Material provided:
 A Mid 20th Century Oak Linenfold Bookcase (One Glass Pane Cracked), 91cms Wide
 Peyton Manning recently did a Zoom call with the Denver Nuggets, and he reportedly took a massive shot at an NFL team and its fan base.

---

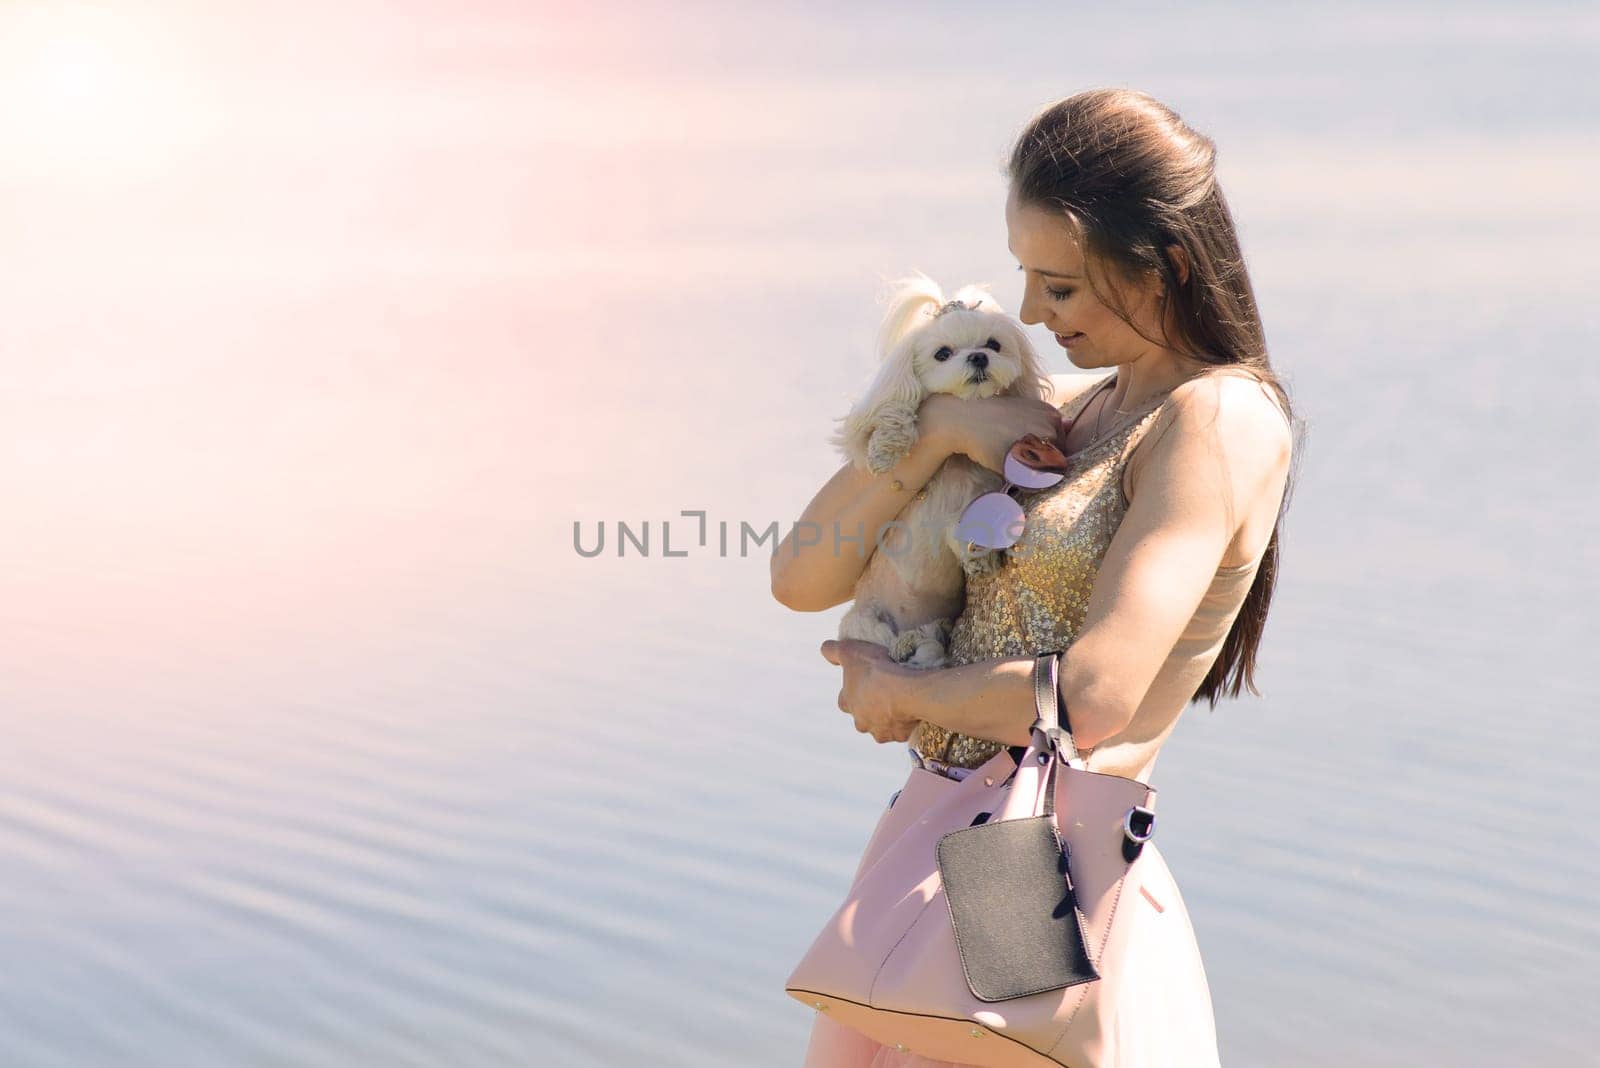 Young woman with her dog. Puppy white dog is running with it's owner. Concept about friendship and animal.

---

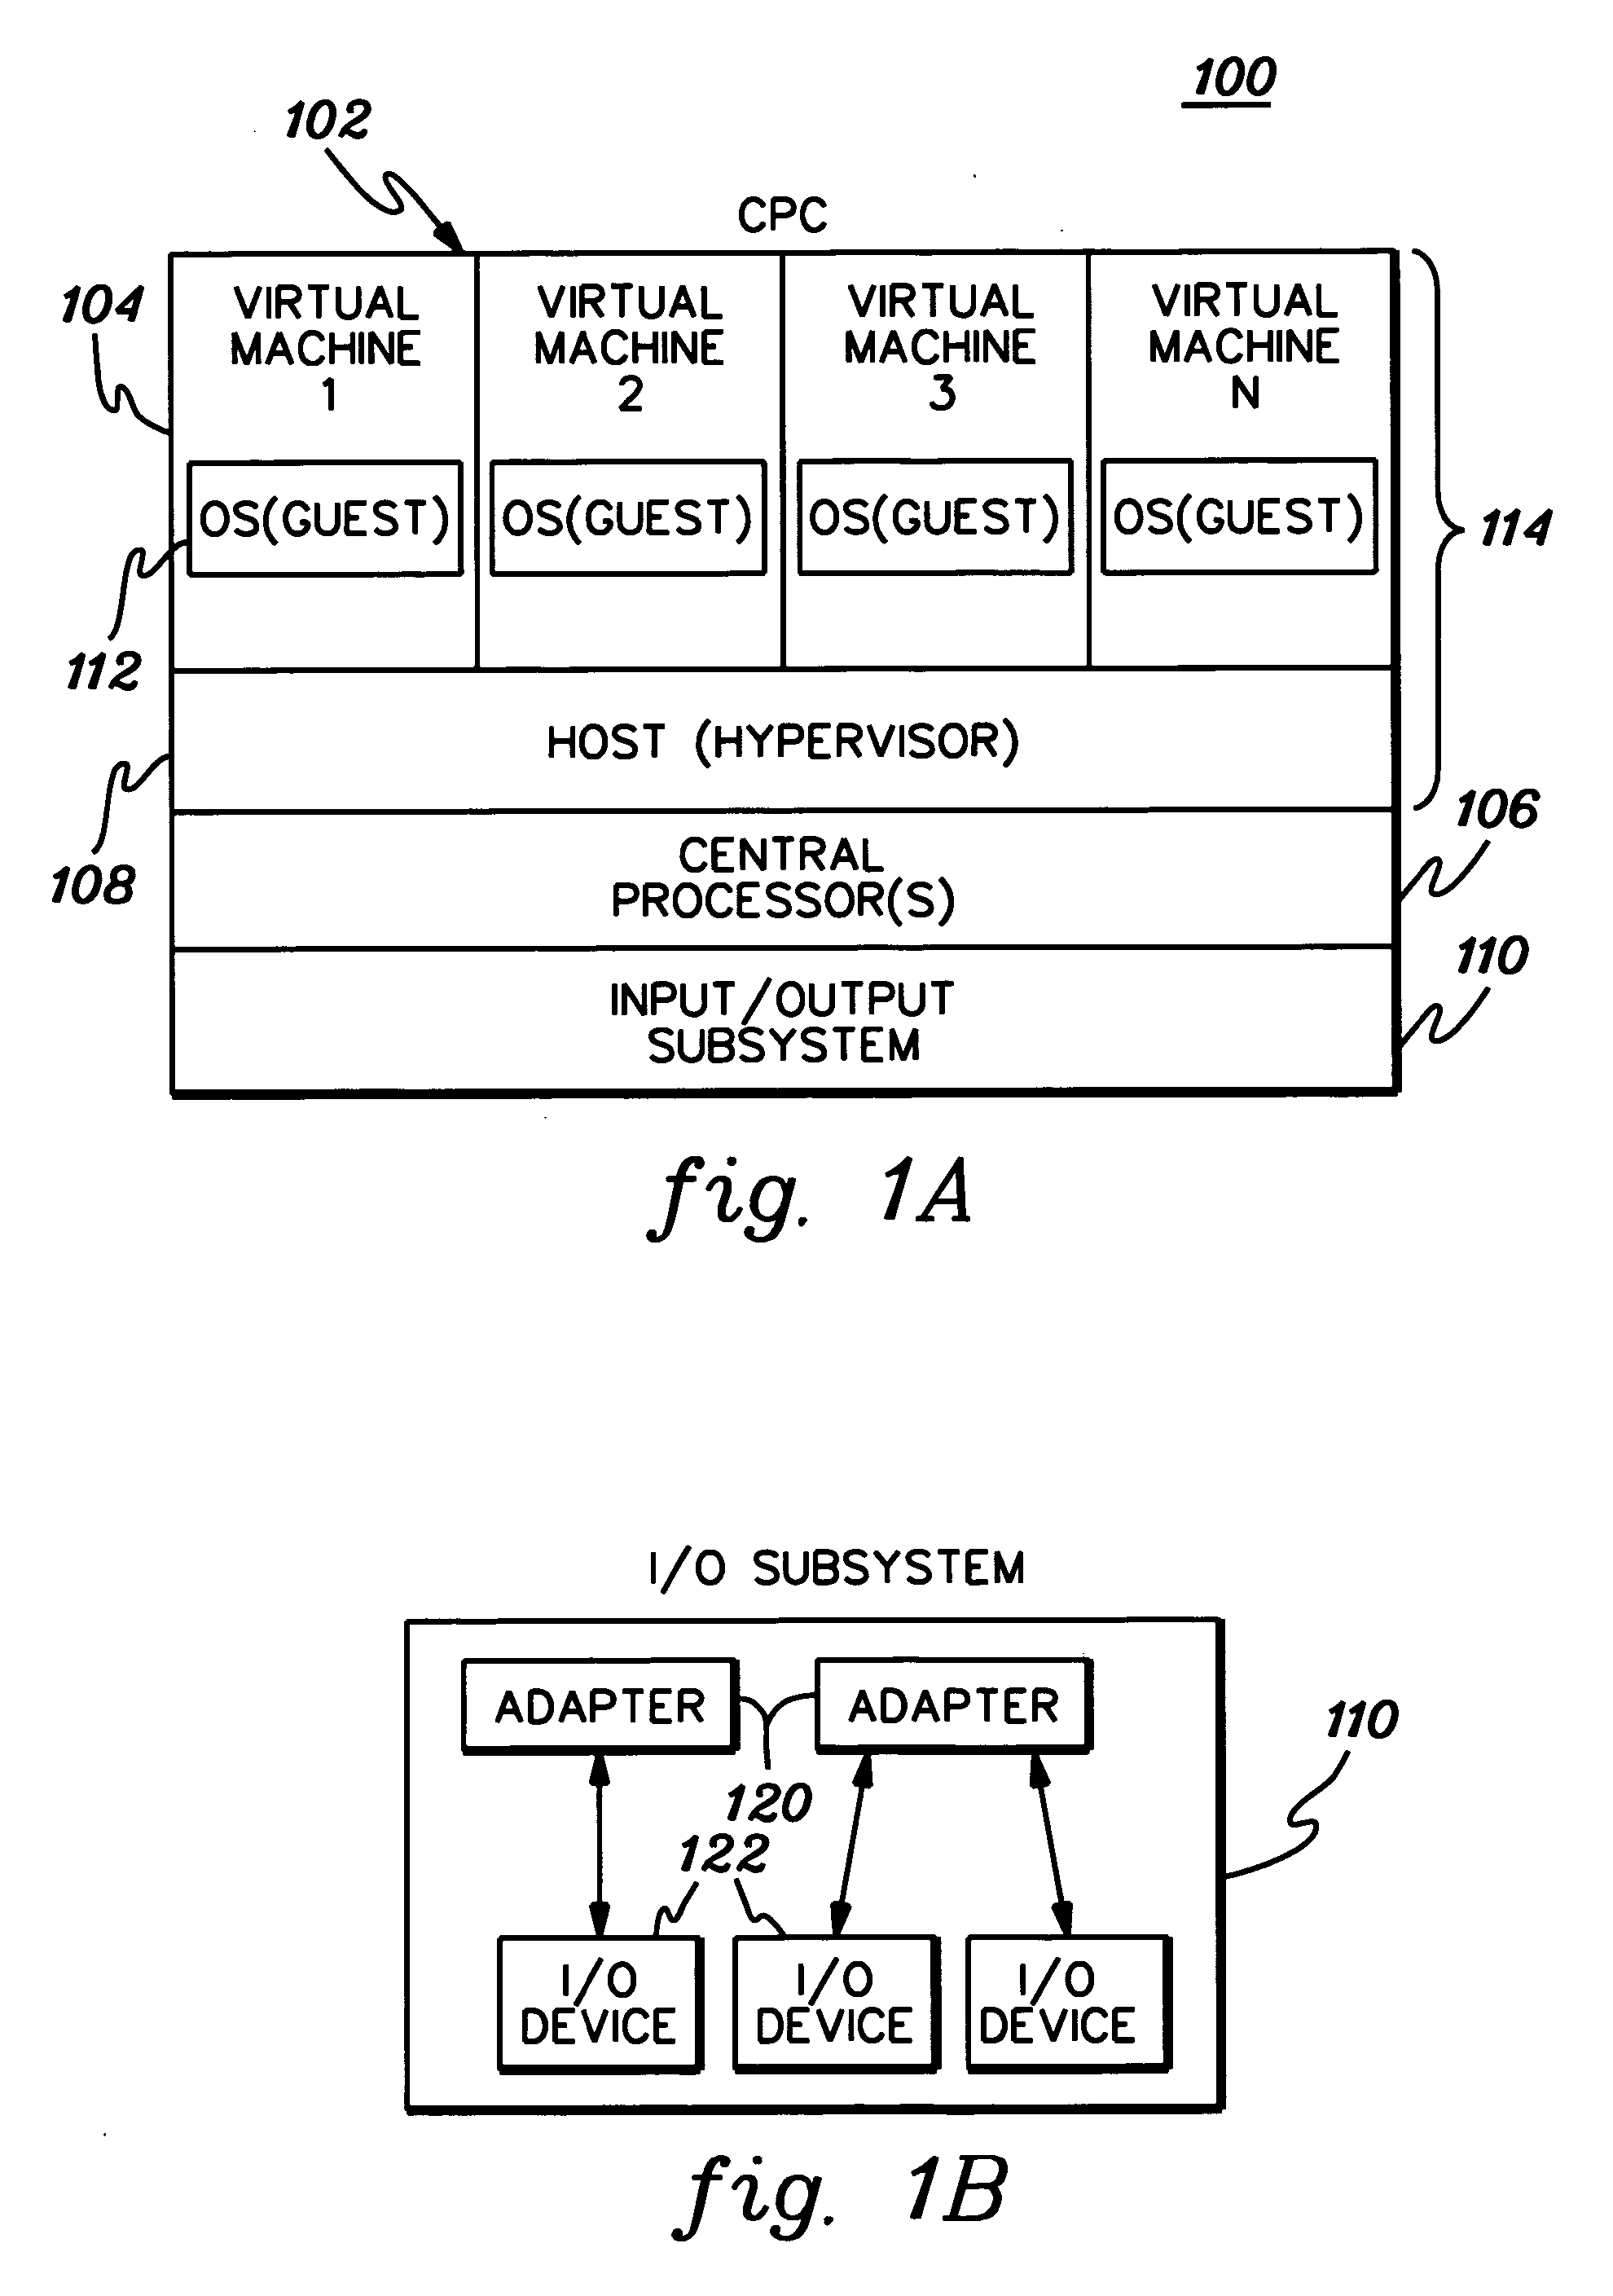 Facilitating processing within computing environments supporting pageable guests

Your assignment: Begin with the line above that has "A Mid 20th Century" and continue through the line that has "Peyton Manning recently", setting each one down exactly. Stop there.

Your response:
 A Mid 20th Century Oak Linenfold Bookcase (One Glass Pane Cracked), 91cms Wide
 Peyton Manning recently did a Zoom call with the Denver Nuggets, and he reportedly took a massive shot at an NFL team and its fan base.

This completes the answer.